Superior Court Judge Al Girolami talks to attorneys during a hearing in the Laci Peterson murder case in Stanislaus Superior Court in Modesto, Calif., Friday, June 6, 2003. Girolami ruled Friday that autopsy results of Laci Peterson and her unborn son would remain sealed AP

An investigator who wiretapped Scott Peterson's phones says he recently discovered 176 calls that were recorded without his knowledge, and prosecutors are asking a judge to determine whether police can screen them for evidence.

In court papers filed Wednesday, investigator Steven Jacobson said the calls were discovered Friday by an expert from the software company that designed the wiretap system. The two men listened to about 10 seconds of one of the calls to determine that hidden computer files contained actual phone calls and not a dial tone or dead air.

"We heard a person in a Southern drawl talking to Scott Peterson in what appeared to be a business-related call," Jacobson wrote in an affidavit.

Jacobson said he had not heard that conversation before among the 3,858 phone calls police previously acknowledged logging on the fertilizer salesman's home and cellular phones. He said he didn't listen to any others before having them transferred to computer discs and sealed in envelopes for Superior Court Judge Al Girolami to review.

The newly discovered calls could present another hurdle for prosecutors as they fight defense claims of prosecutorial misconduct over the wiretaps. When word of the previous wiretaps came out, defense lawyer Mark Geragos asked the judge to dismiss the prosecutors handling the case or toss out the wiretaps because investigators listened to portions of conversations between Peterson and his lawyer.

Peterson, 30, has pleaded innocent to two counts of murder and could face the death penalty if convicted in killings of his wife and unborn son. He was arrested after their remains washed ashore in San Francisco Bay in April, near where he said he was fishing Christmas Eve when his pregnant wife vanished.

Prosecutors have said officers mistakenly listened to snippets of two of 69 conversations between Peterson and lawyer Kirk McAllister and one conversation with a private investigator, but Geragos said that was enough to find that they had violated attorney-client privilege.

Girolami has scheduled a June 26 hearing on the wiretap and other matters.

Both sides are bound by a gag order and cannot comment.

In a related court matter, the defense appealed a judge's order to unseal search warrants, saying their release would ignite a "media firestorm of misinformation."

Geragos filed his appeal Tuesday at the Fifth District Court of Appeals in Fresno to keep eight search warrants from being made public next month.

Superior Court Judge Roger Beauchesne ruled Thursday that the documents, which are expected to contain evidence and police theories, should be unsealed July 8 after a previous appellate ruling expires.
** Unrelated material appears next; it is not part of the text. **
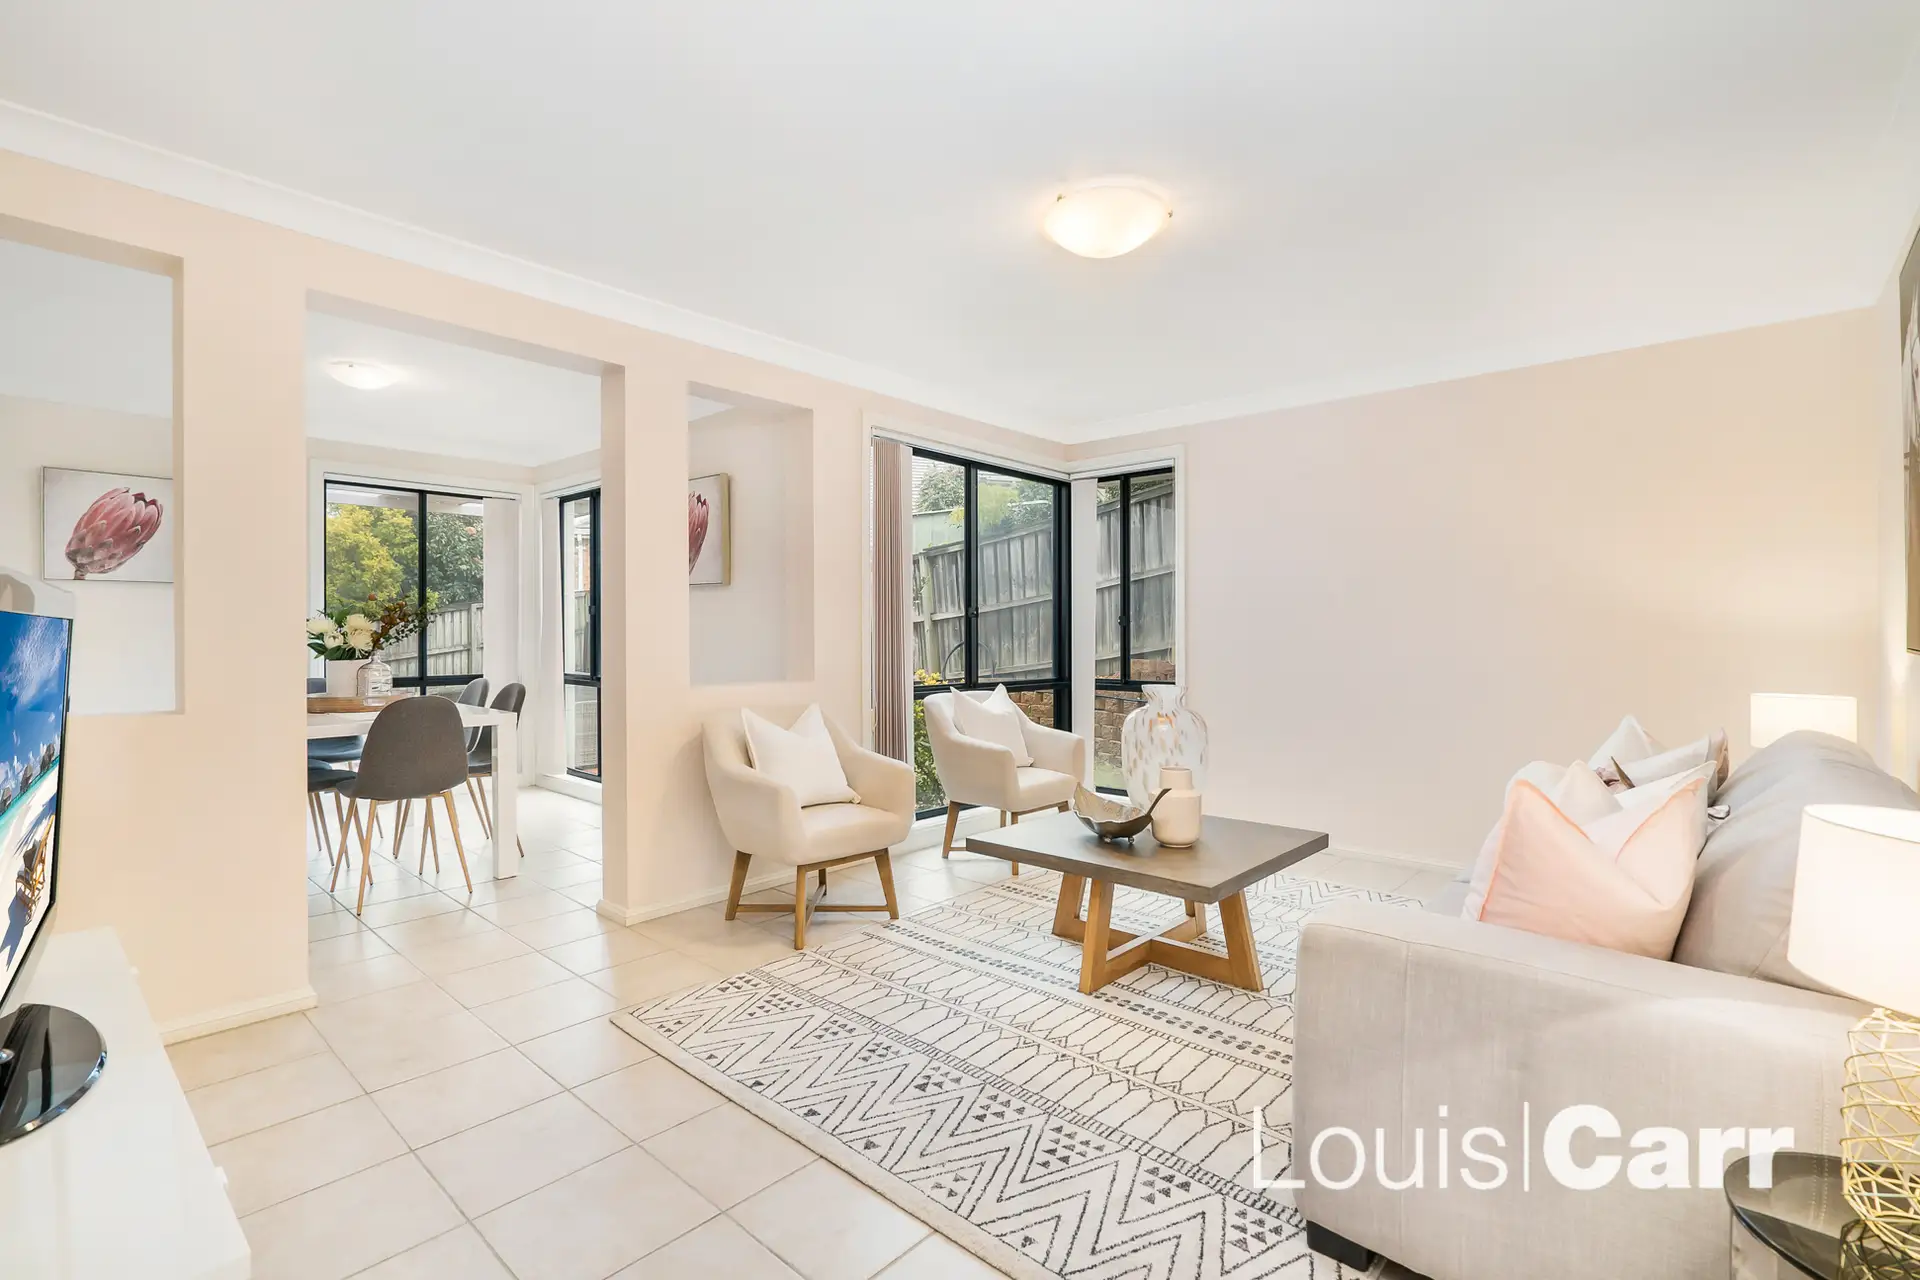 13 McCusker Crescent, Cherrybrook Sold by Louis Carr Real Estate - image 4

That order, however, is now on hold as the court considers Geragos' latest appeal. Prosecutors and lawyers for California newspapers and broadcasters, who argued to release the documents, have a week to file responses.
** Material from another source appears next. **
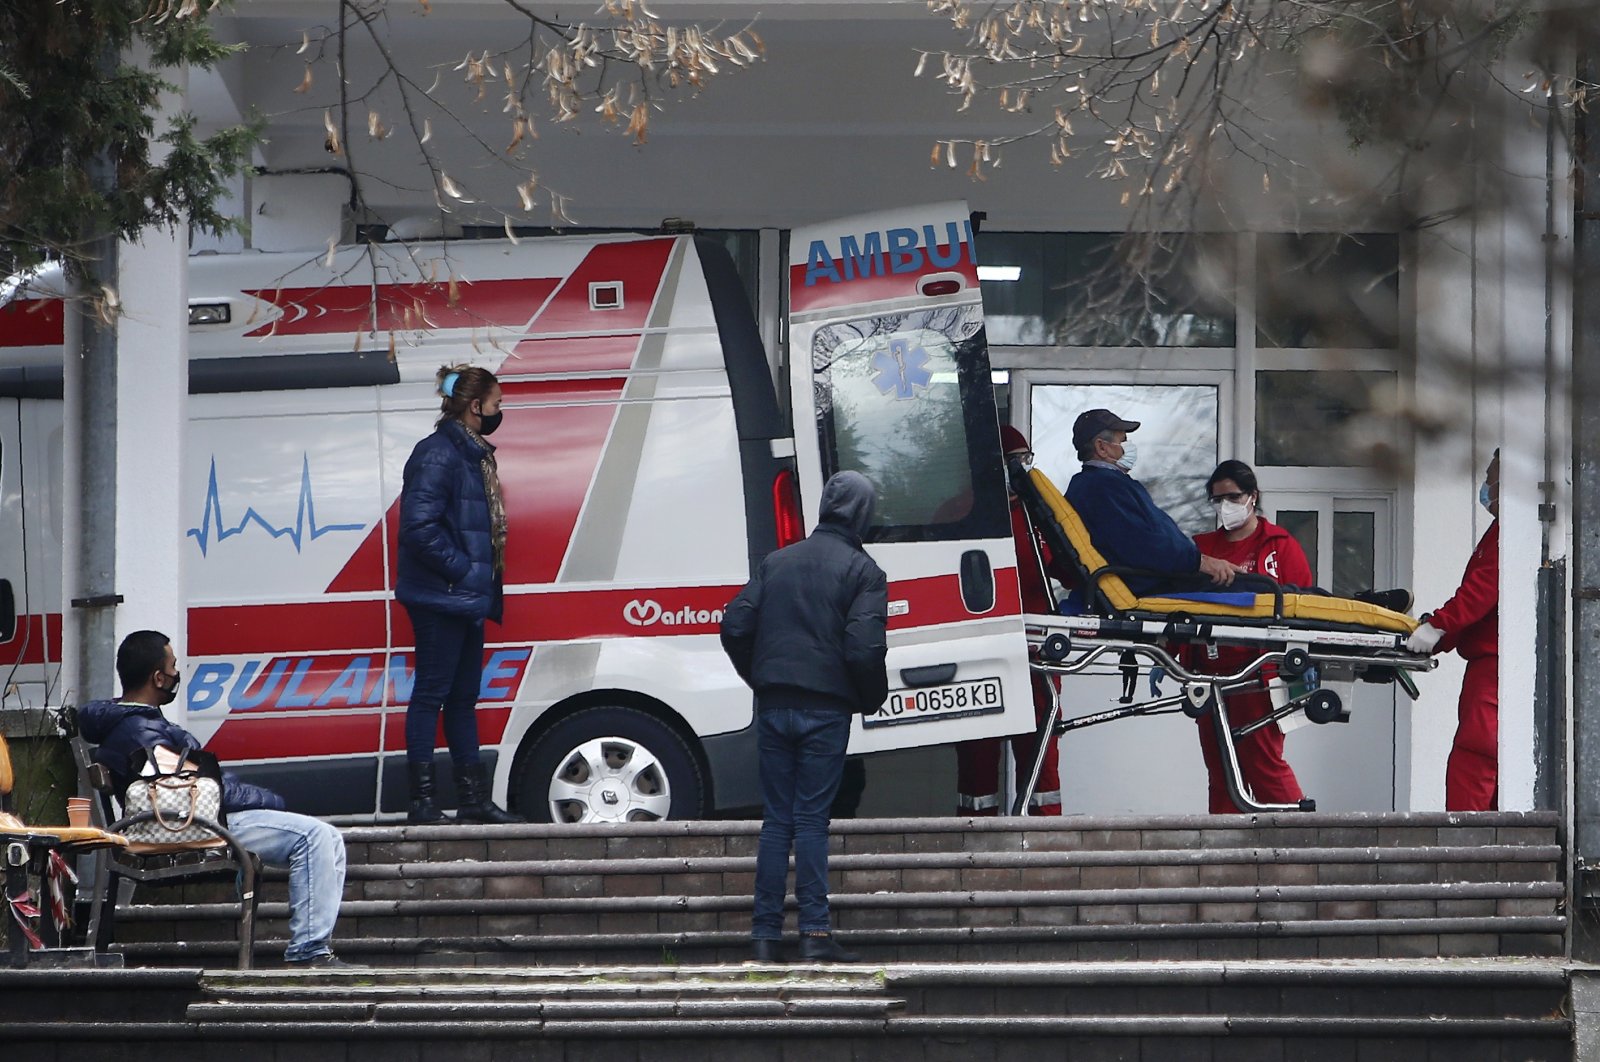 Health workers wheel out a patient from an ambulance, at the entrance of the University Clinic complex in Skopje, North Macedonia, Dec. 29, 2020. (AP Photo)

Police used the search warrants to seize Peterson's truck, boat and trailer, along with scores of items from the couple's home.

Geragos said in court papers that he wants Beauchesne's decision reversed and wants him removed from the case. He maintained that prosecutors told him they, too, want Beauchesne removed from the case, but prosecutors refused to comment, saying they would file their own court papers.